At the pet store is a plastic cage full of ferrets, which the label says are “lively tubes of furry fun”. Thing is every time I’m in the pet store, the ferrets are sprawled out on their backs, sleeping, dozing tubes of socks that had a wee too wild a party last night. I’ll suppose they’re fun, but the evidence isn’t on stage there. Just as well. Right next to them are guinea pigs, whom I understand much better, because while they may not be tubes of fun or anything they are always looking around with an expression that says, “Are you certain I was supposed to be invited to this meeting?”
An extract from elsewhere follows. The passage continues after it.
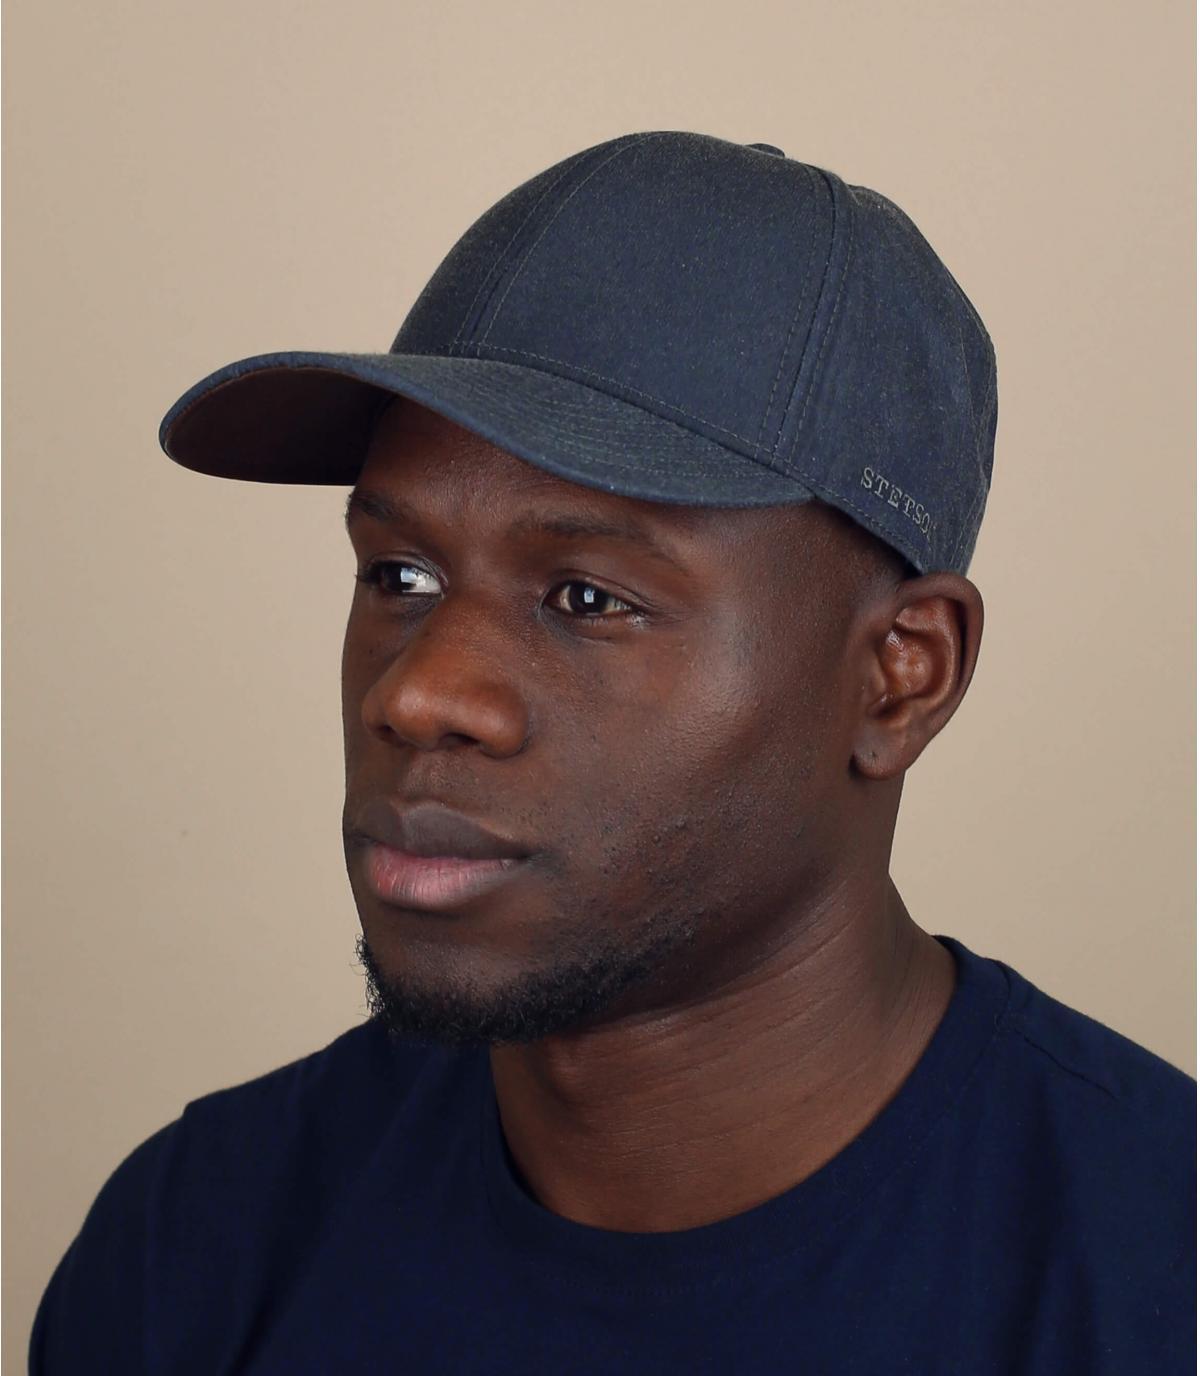 Cappellino idrorepellente grigio

My love and I were in the bookstore and leafed through Ray Davies’s book Americana: The Kinks, The Riff, The Road: The Story, and ran across a delightful little point. Apparently, in the mid-70s, when The Kinks had gotten really into doing complex stage shows performing their concept albums about the shifting mores and quiet existential despair of the British middle classes, Ray Davies would routinely choose to go to parties afterwards. But he didn’t want to be recognized and hassled throughout the parties, and I am sympathetic to this. I wouldn’t go to parties either if people kept asking me to sing “I’m Not Like Everybody Else”, though neither would they if they ever heard me singing. So for a while there he would go unrecognized at after-show parties by wearing the mask he’d been wearing during the show.
I’m delighted to learn that during his most energetic, hard-rocking, hard-partying days at the touring peak of his career, Ray Davies was apparently also a seven-year-old boy sneaking into the cinemas wearing a long trenchcoat and sitting on Dave Davies’s shoulders. Of course, based on the book, the costume apparently worked and he didn’t get people saying they recognized him, possibly because none of the partygoers wanted to be punched by Ray Davies. I’m also sympathetic to this. One of my goals in life is to get through it without being punched by Ray Davies, and that’s going pretty well so far; how about you?
I’m sorry to bother folks with the story comic strips, because they don’t know how to tell stories and they’re never really comic on purpose, but Monday’s Mary Worth got to me in that way these things sometimes do.
So: why does Mary Worth’s “chicken salad” have bones? Does she just arbitrarily assign names to randomly selected objects smothered in beige? “Oh, I hope you all enjoy my Baked Macaroni Whimsies! They’re made of pebbles and children’s scissors! And I’m not making promises but for next weekend’s potluck I’m thinking my Artichoke-Guacamole Dip since I’ve got to do something with this crop of chipped-up Star Trek: Nemesis DVDs I grabbed at the Blockbuster going-out-of-business sale!”